According to the survey, in 2015, favorability toward apps and smartphones among adult smartphone owners reached 92 percent and 97 percent, respectively. Among Millennials, this rises to 98 percent and a unanimous 100 percent. Majorities report that their devices have changed how they shop, manage their health, bank, and relax at home. And if your business involves people’s homes, health, finances, services like medicine or law, or shopping, majorities believe that greater ability to use apps would make these scenarios better.
But this raises a question: the data on enthusiasm for smartphones and apps is plain as day, and it’s practically impossible to have missed the fact that Uber—the poster child for “attacking an industry with weak mobile flanks”—has risen to a valuation greater than that of Ford or GM in just a few years,so how is it that every big company hasn’t devoted gone “all in” on creating an awesome smartphone app experience?
The processes and culture of most large companies formed in the pre-digital environment where technology-driven disruption couldn’t happen with the pace and scope now possible thanks to mobile and cloud. So the only way to avoid being shaken up by outside forces is to “shake things up” proactively—not always an easy thing to do in large enterprises.

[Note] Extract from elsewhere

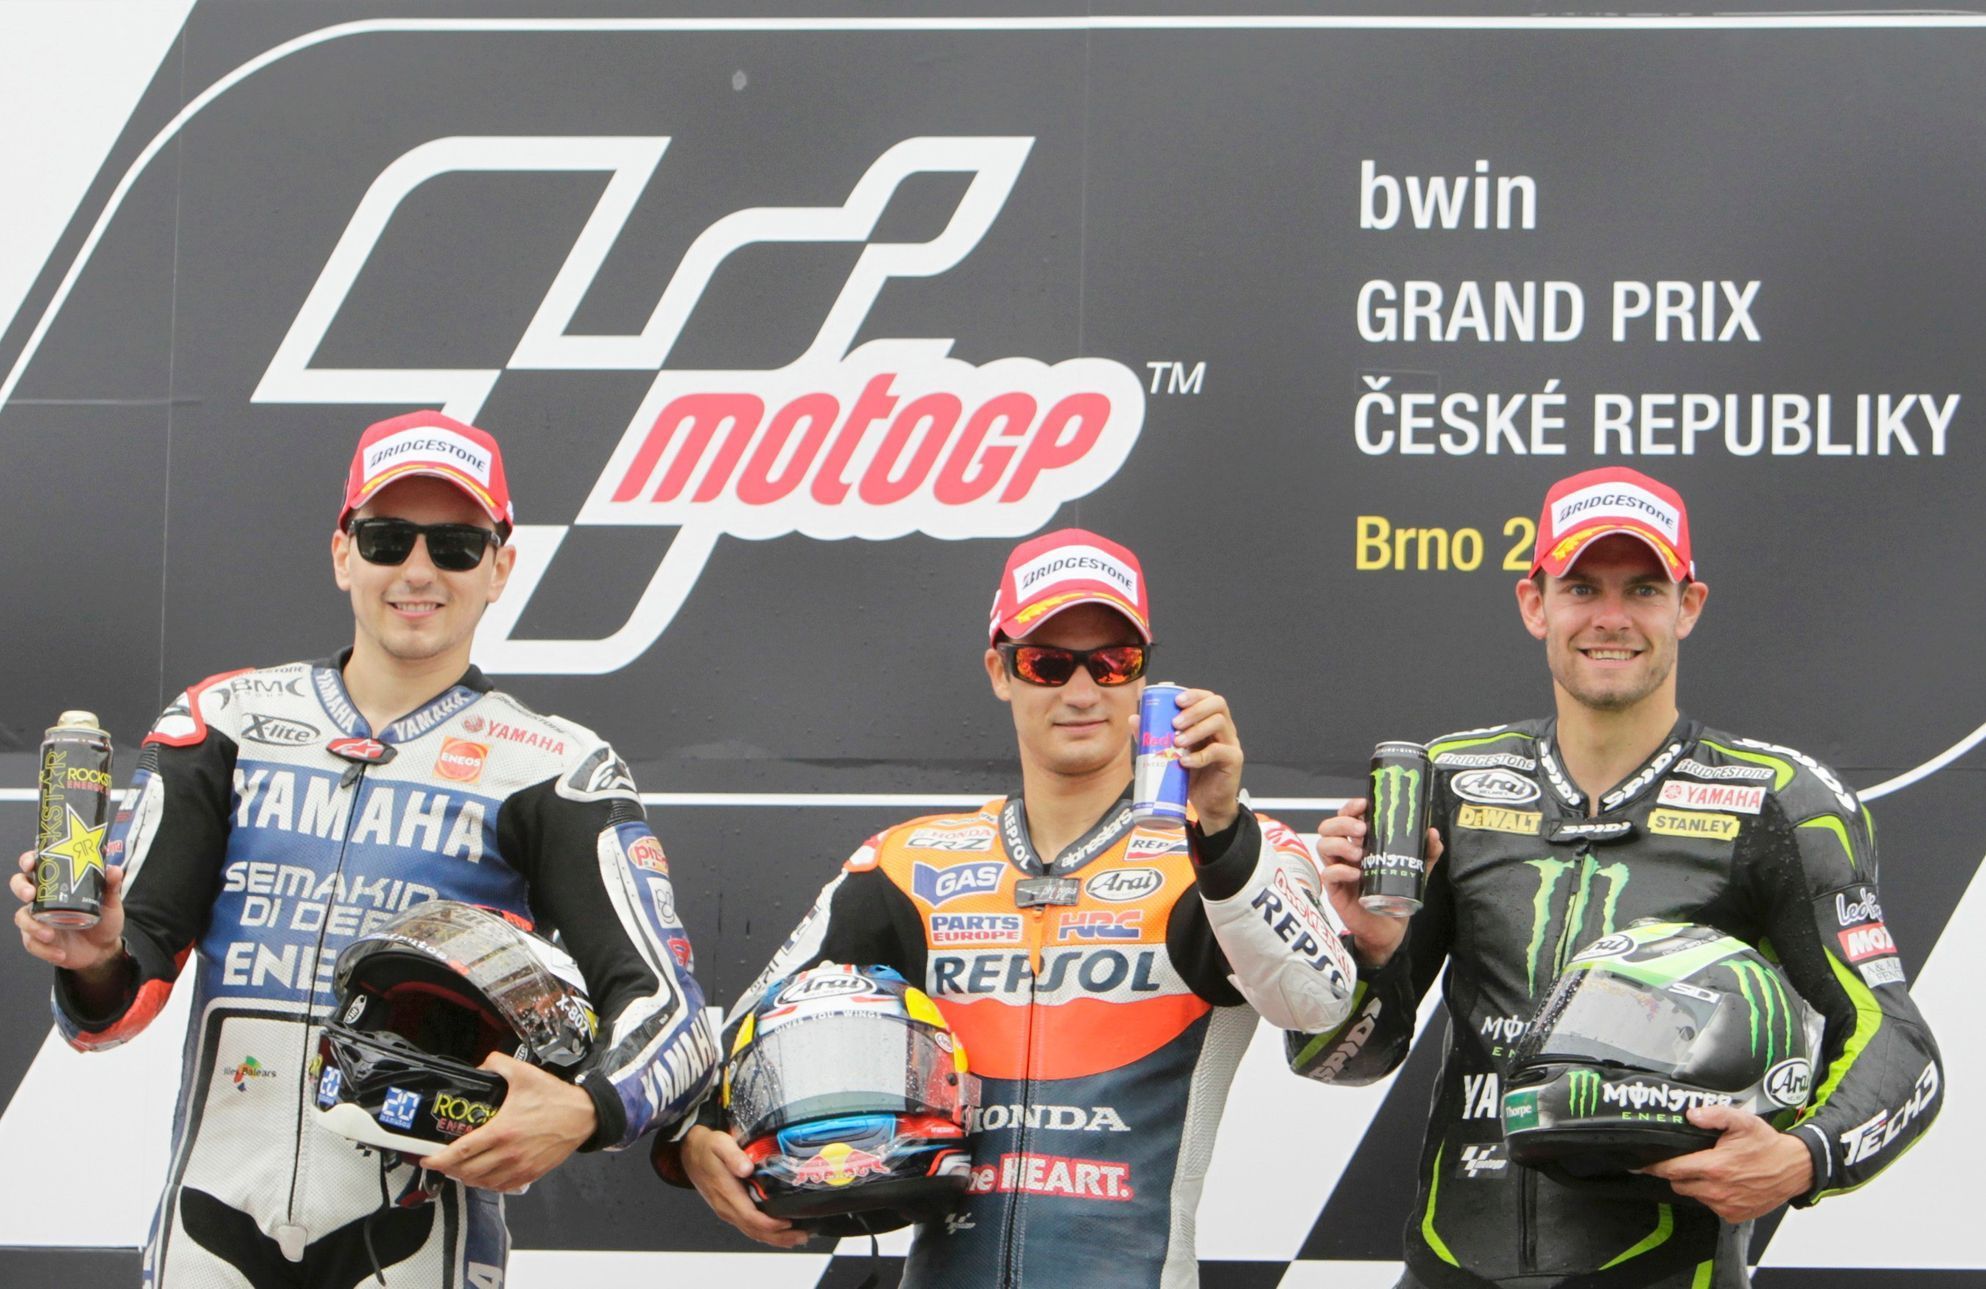 Španělští motocyklisté Dani Pedrosa (uprostřed) a Jorge Lorenzo (vlevo) slaví společně s Britem Calem Crutchlowem svá umístění ve Velké ceně České republiky 2012 v Brně.

Jenny Banner, a CEO in her own right and board member in a sector that’s ground zero for digital disruption—banking—explained these real-world dynamics at MIT’s CIO Symposium.
She describes what it’s like to be on the board of a big bank these days: “[T]oday it feels like a tech board. And it feels like one that is under siege by a thousand piranhas chipping away at various business lines and profit centers.”
On a concrete note, she continued: “Our 19 year old … asked if she had a bank account. She had her phone in her hand and she said ‘I know I have this app, but do I have a bank account?’”
Her advice on what CIOs need to do about it? “Don’t come in with 1,000 pages of PowerPoint decks and heatmaps. Come into the boardroom, put your fist down, and say, ‘There’s a war on; there’s a completely different game that’s in town, and it’s not coming from those names you have listed as your peer group’.”
To be sure, there are CIOs in large enterprises in the pole position leading digital transformation. But say these phrases in the same breath: “Global 2000 CIO” and “rabble rouser.” Traditionally those are not two things that go together.
So the secret is simple: “They’ll like smartphone apps better.” The evidence for it is clear. But the response that leaders in large enterprises must take to head off disruption—or become disruptors themselves—is likely to be break old rules and norms, and take business and technology leaders out of their comfort zones in the process.
Until that happens, that’s the open door for disruptors—and an opportunity for Global 2000 CIOs to seize. Need some inspiration? You don’t have to look any farther than one tweet showing how a fifty-plus year old company is building using smartphone apps to build its brand and business with every bit the aplomb of a digital native.
So “just do it.” You don’t need 1,000 pages of PowerPoint decks: you only need two tweets.
(Disclosure: Philips and Lego are customers of my employer, Apigee.)